D:aws>elb-create-lb Test –availability-zones us-east-1a,us-east-1b –listener “protocol=http,lb-port=80,instance-port=80″ –listener “protocol=tcp,lb-port=443,instance-port=443″

DNS-NAME Test-851384903.us-east-1.elb.amazonaws.com

Notice on the protocols we specify HTTP for HTTP traffic, but TCP for HTTPS traffic.  HTTP and TCP are the only protocols supported.

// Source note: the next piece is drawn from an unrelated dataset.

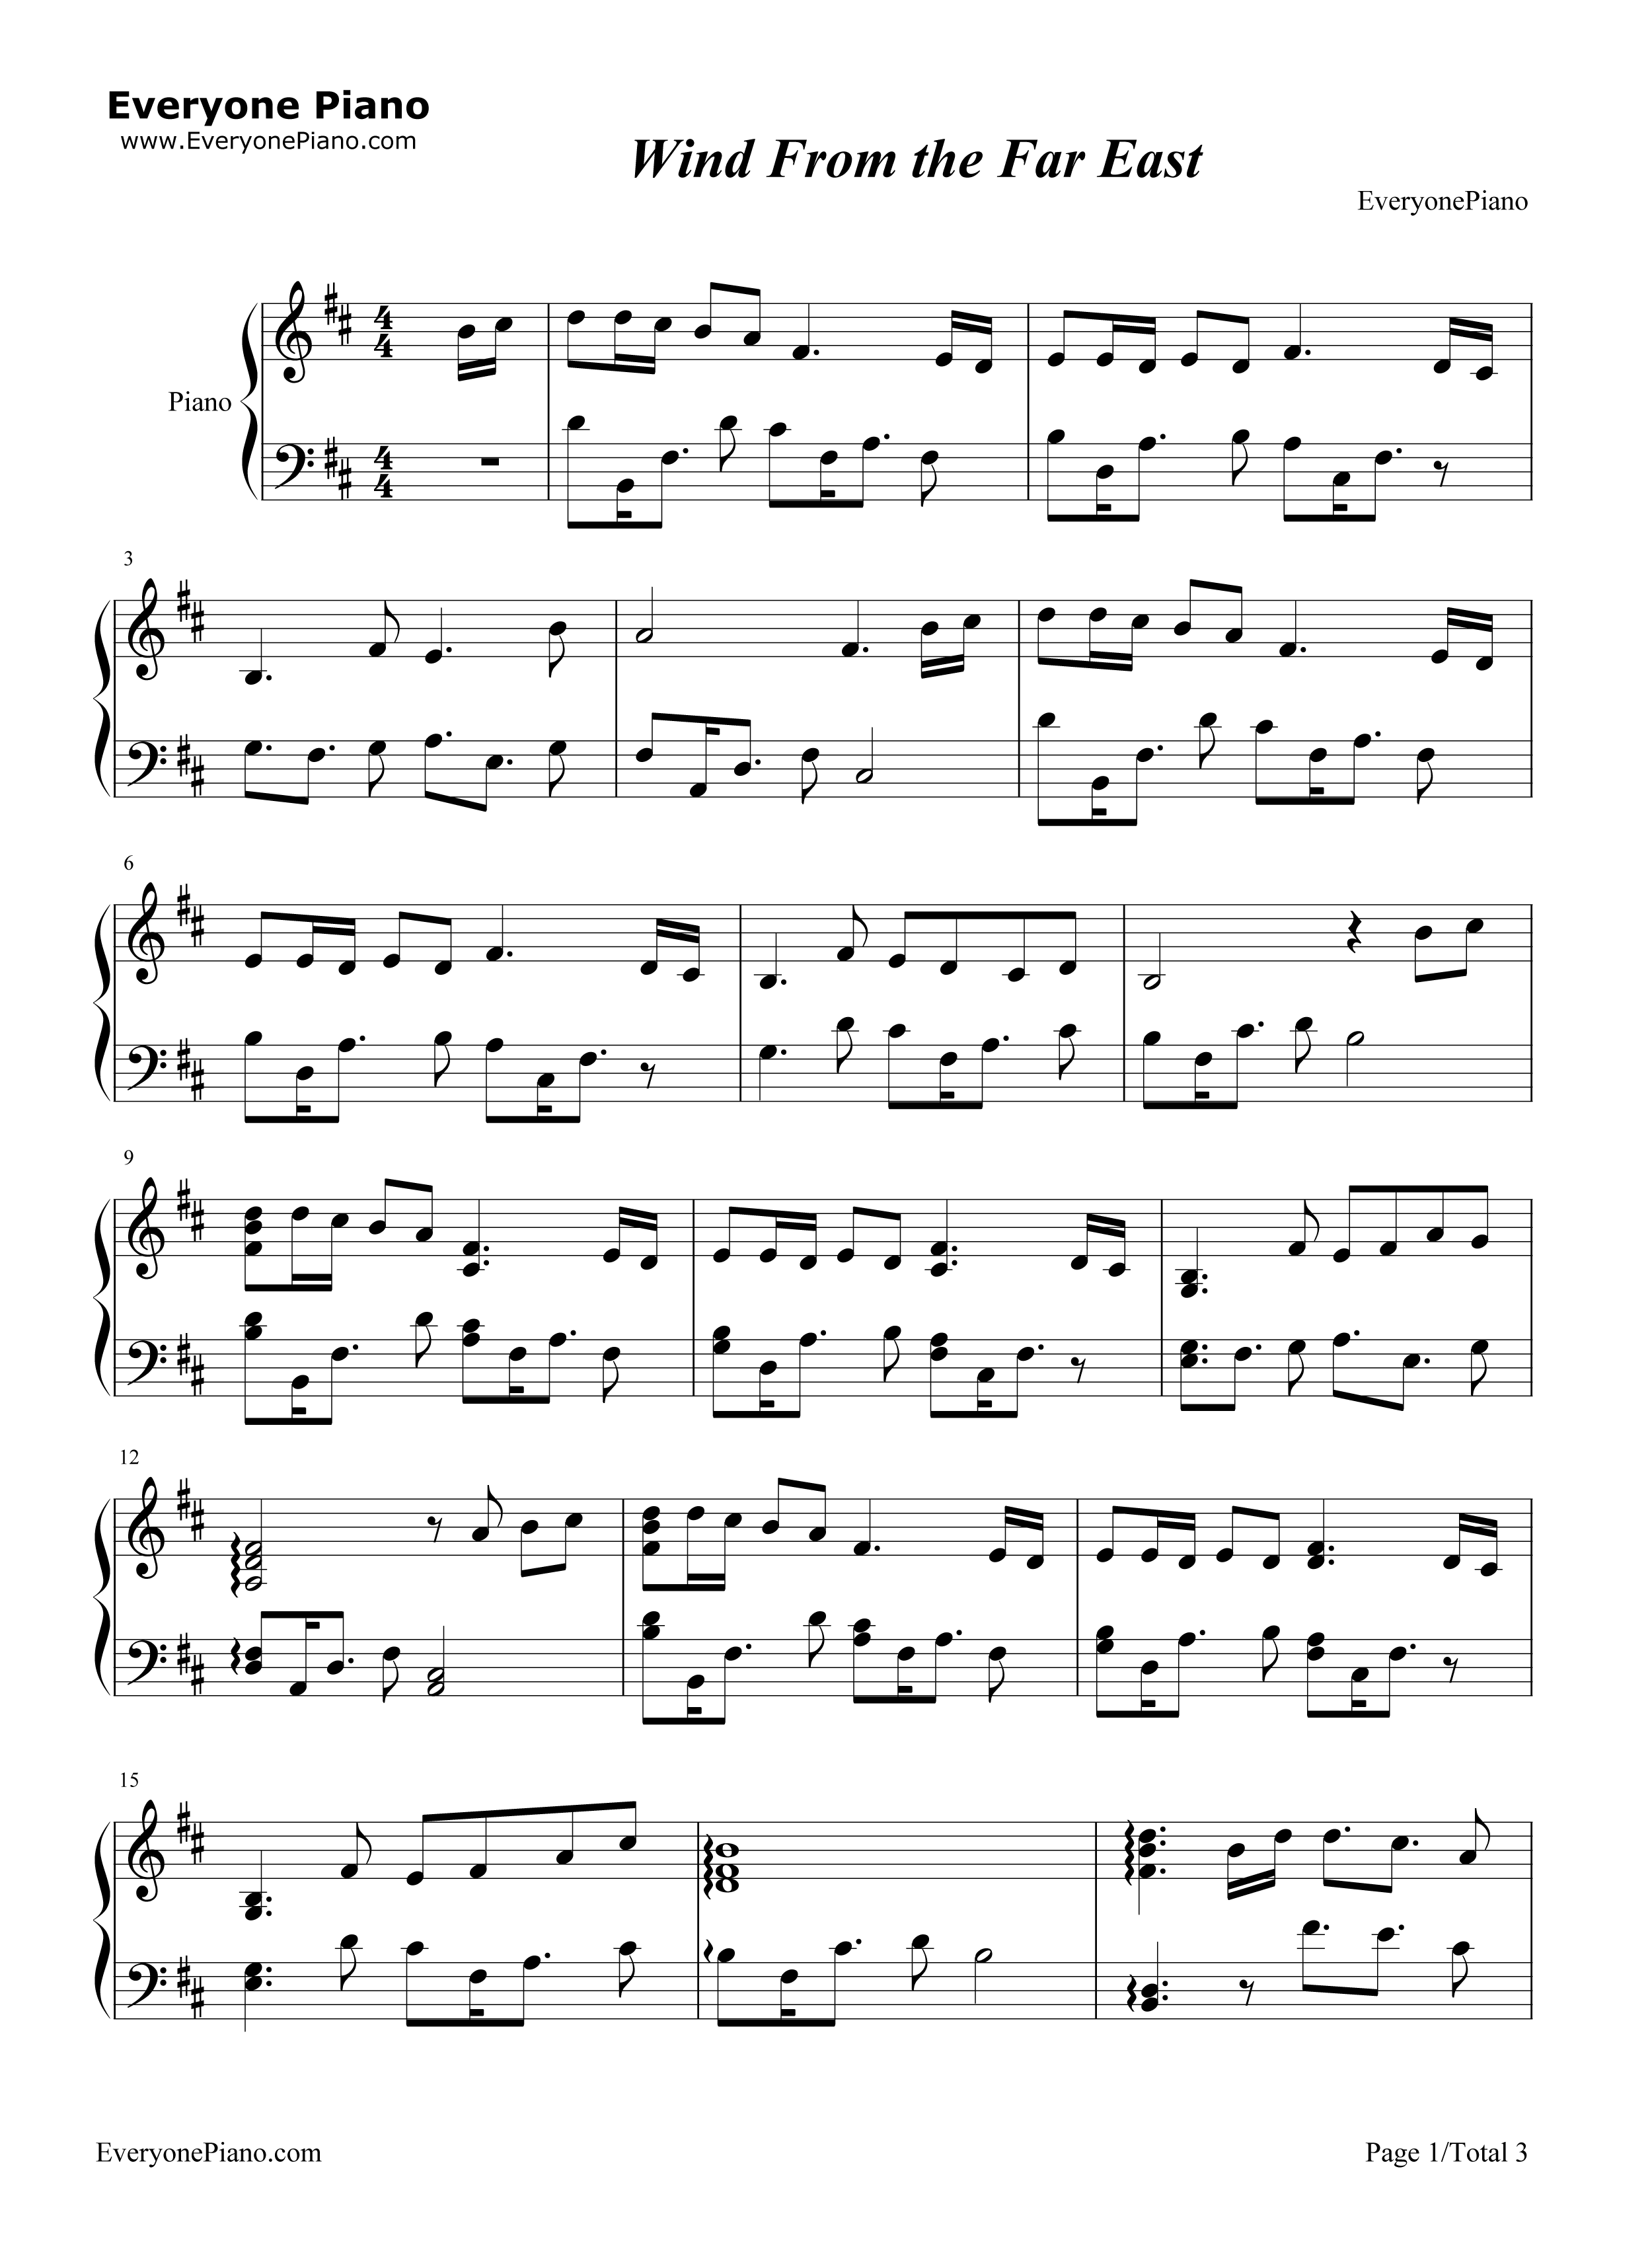 ラテール 楽譜
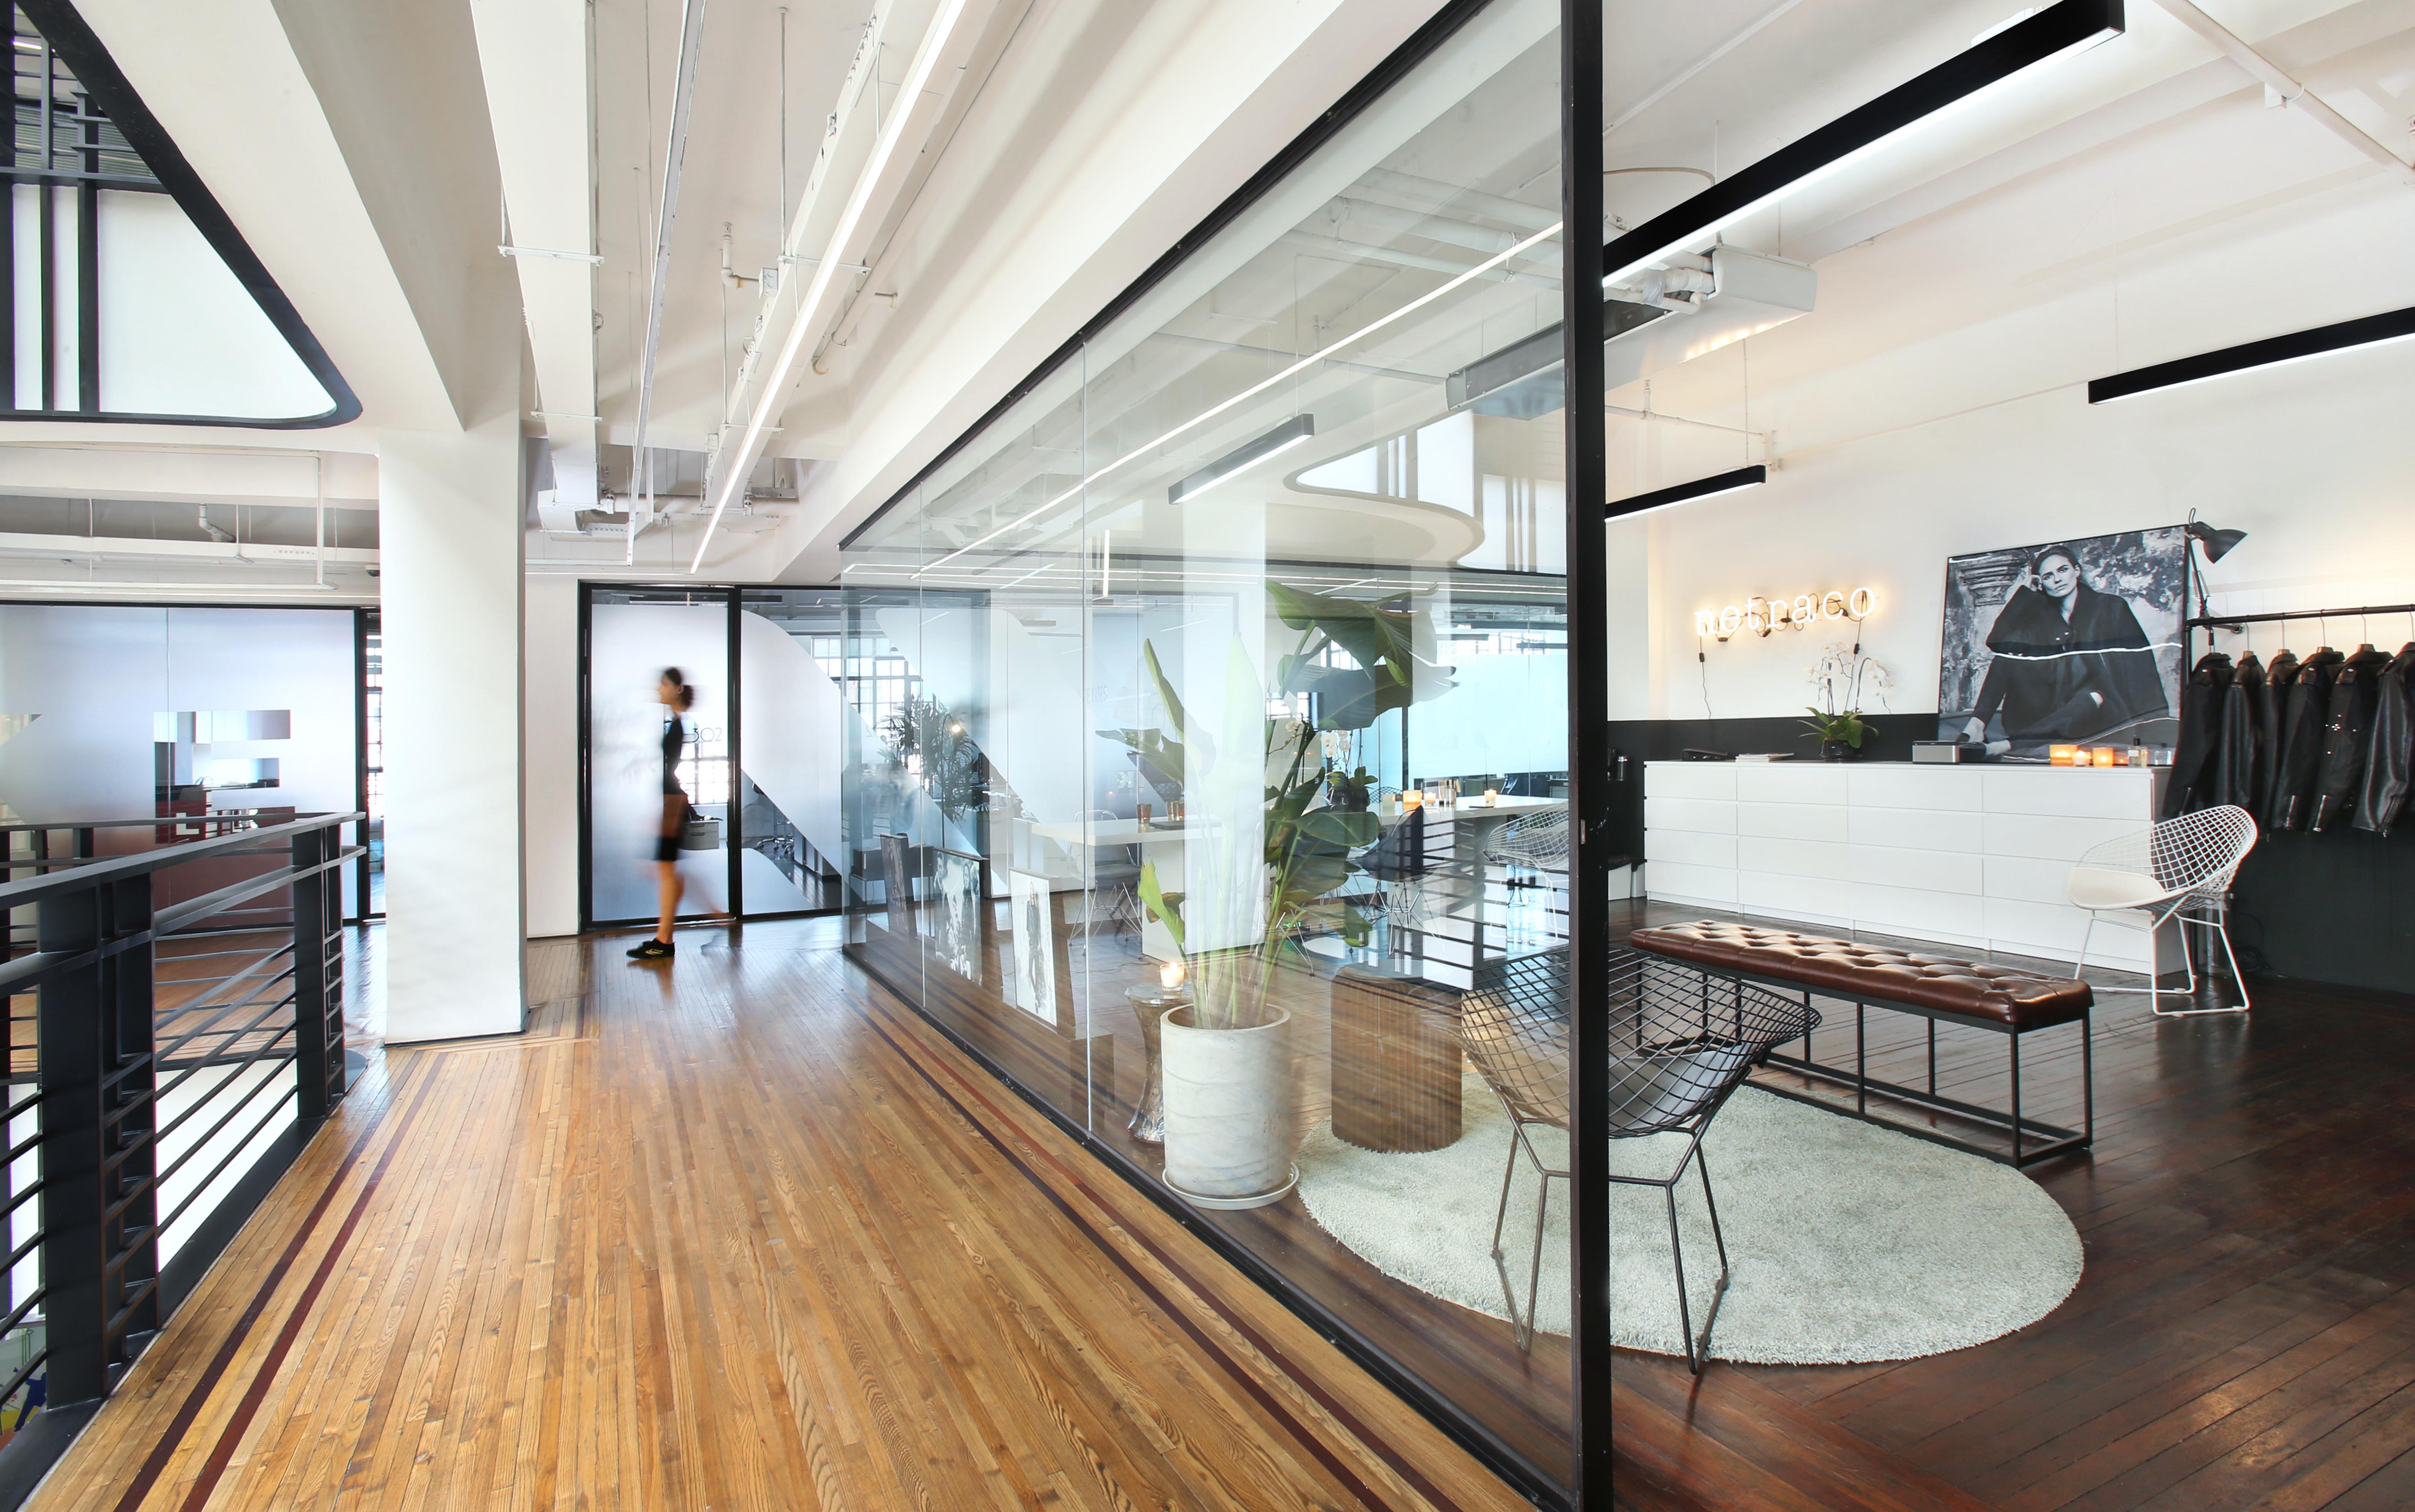 Studio van doorn interior design

Create CNAME Record for ELB Instance

When you create an ELB instance it provides you a public DNS name.  However they are not user friendly and you will want to create a CNAME record in DNS to redirect your friendly URL to your EC2 hosted website.

How you create the CNAME record depends on who is hosting DNS for you.  However here is the output of my test website I configured for this tutorial:

D:aws>nslookup

Default Server: ip-172-16-0-23.ec2.internal

Address: 172.16.0.23

>aws.LoudSteve.com

Server: ip-172-16-0-23.ec2.internal

Address: 172.16.0.23

Name: Test-5660601.us-east-1.elb.amazonaws.com

Address: 174.129.195.68

Aliases: aws.LoudSteve.com

If you delete your ELB instance and recreate it you will get a new public DNS name and will have to update your CNAME record.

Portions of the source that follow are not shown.